Several avenues of research have been explored for parameter calibration, including alternative methods to minimise the cost function and the application of new machine learning techniques (Raoult et al.2024a, b). Ensemble methods have proven effective for the calibration of LSM parameters, such as the genetic algorithm (GA) (Santaren et al.2014; Bastrikov et al.2018) or Markov chain Monte Carlo (MCMC) (Ziehn et al.2012). These methods require a large number of simulations and are primarily used with low-cost computational models and for on-site applications, as here they are relatively inexpensive. Parameter calibration in Earth system models has also been the subject of more intensive research (Hourdin et al.2017). It has led to the development of new methods – for instance emulator-based methods (Williamson et al.2013; Couvreux et al.2021) – that have been used to calibrate components of Earth system models (Watson-Parris et al.2021; Hourdin et al.2023), such as ocean and atmospheric models (Williamson et al.2017; Hourdin et al.2021; King et al.2024). In these methods, the model is replaced by an emulator – a computationally efficient statistical model designed to reproduce the behaviour of complex models – to enable numerous simulations and rule out sets of parameters that are not plausible. These methods are gaining in popularity for the calibration of LSM parameters (Dagon et al.2020; Baker et al.2022; McNeall et al.2024; Raoult et al.2024a), but they still require a large ensemble of simulations to build the emulator. More recently, an ensemble 4DVar method named 4DEnVar, implemented in Pinnington et al. (2020) for LSM parameter estimation, has proved very promising. This method uses a small ensemble to circumvent the necessity for a tangent linear and adjoint model. This 4DEnVar method has been used to estimate JULES LSM crop parameters at a single Nebraskan site (Pinnington et al.2020) and to calibrate pedotransfer functions to improve JULES LSM soil moisture predictions over East Anglia (Pinnington et al.2021) and the whole of the UK (Cooper et al.2021). This method was also successfully used by Douglas et al. (2025) to calibrate the parameters of a simple carbon model in a twin experiment. Although the method was defined as a 4DEnVar in Pinnington et al. (2020) and Douglas et al. (2025), we choose to refer to it as EnVarDA to maintain consistency with the definitions previously presented.
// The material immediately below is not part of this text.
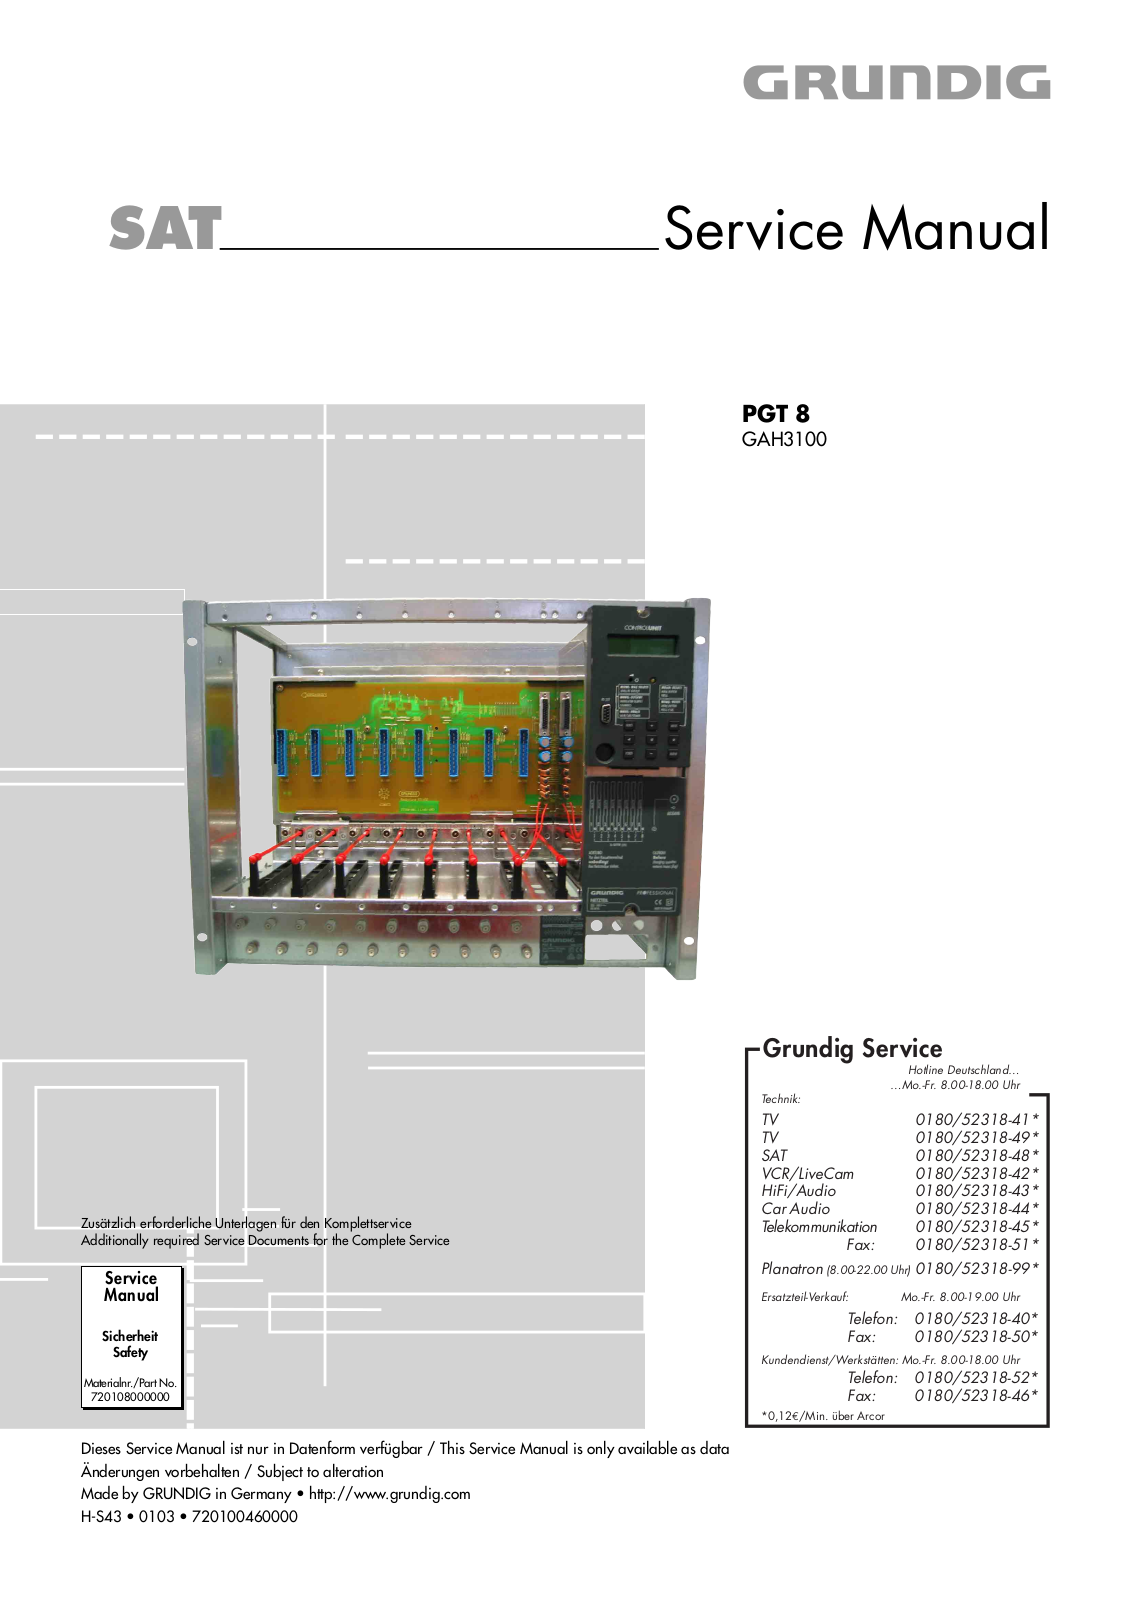 GRUNDIG STC332 SAT Service Manual

The problem addressed in this article is the assimilation of atmospheric CO2 data to calibrate the parameters of the ORCHIDEE LSM. For this application, we need to couple ORCHIDEE with an atmospheric transport model, which, in our case, is LMDZ, as they are historically linked and represent the land and atmospheric components of the Institut Pierre-Simon-Laplace (IPSL) Earth system model (Boucher et al.2020). While tangent linear and adjoint models can be easily derived for the transport model (Hourdin et al.2006; Hourdin and Talagrand2006), this is not the case for the ORCHIDEE LSM. Although tangent linear or adjoint models are not required for methods such as GA, MCMC, or emulator-based approaches, these methods necessitate defining a large ensemble, making them unfeasible for use in this study due to the time-consuming nature of model simulations. The purpose of this article is to present an adjoint-free data assimilation framework that facilitates the assimilation of atmospheric CO2 concentrations. We demonstrate the potential of EnVarDA using synthetic observation data according to different criteria: (i) the differences between synthetic observations and simulations of atmospheric CO2 concentrations, (ii) the spatial distribution of carbon fluxes and their subcomponents, and (iii) the recovery of the true parameters used to generate the synthetic observations. We also compare the performance of EnVarDA using these criteria with that of VarDA with finite differences. Section 2 presents the methods, the models, the data, and the experiments. Results are shown in Sect. 3, with discussions and conclusions in Sects. 4 and 5, respectively.

2 Method

2.1 Models and datasets

2.1.1 ORCHIDEE land surface model

ORganizing Carbon and Hydrology In Dynamic EcosystEms (ORCHIDEE; originally described in Krinner et al.2005) is a process-based LSM that simulates the exchange of carbon, water, and energy between the surface, vegetation, and the atmosphere. It is composed of different sub-models: a fast one that calculates photosynthesis, hydrology, and energy balance every 30 min and a slow one that simulates carbon allocation in plant reservoirs, soil carbon dynamics, and litter decomposition every day. In this study, we used ORCHIDEE version 2 used in the Coupled Model Intercomparison Project Phase 6 (CMIP6) (Boucher et al.2020; Lurton et al.2020). This version contains significant improvements over the original version described by Krinner et al. (2005). The soil hydrology scheme is based on Richards' equation that describes vertical water fluxes for a soil depth of 2 m discretised into 11 layers (de Rosnay et al.2002). The vertical discretisation for heat diffusion is identical to that used for water up to 2 m, extended to 90 m with a zero-flux condition at the bottom and with 18 calculation nodes in order to extrapolate the water content across the entire profile between 2 and 90 m (Wang et al.2016). The hydrological and thermal properties of the soil are determined by soil moisture and texture. The dominant soil texture for each model grid cell is derived from the ZOBLER map (Zobler1999) using a classification system with three categories. The set of equations governing the soil organic matter (SOM) pools and their temporal evolution has analytical solutions driven by litter input and climate conditions, including soil temperature and humidity (Lardy et al.2011).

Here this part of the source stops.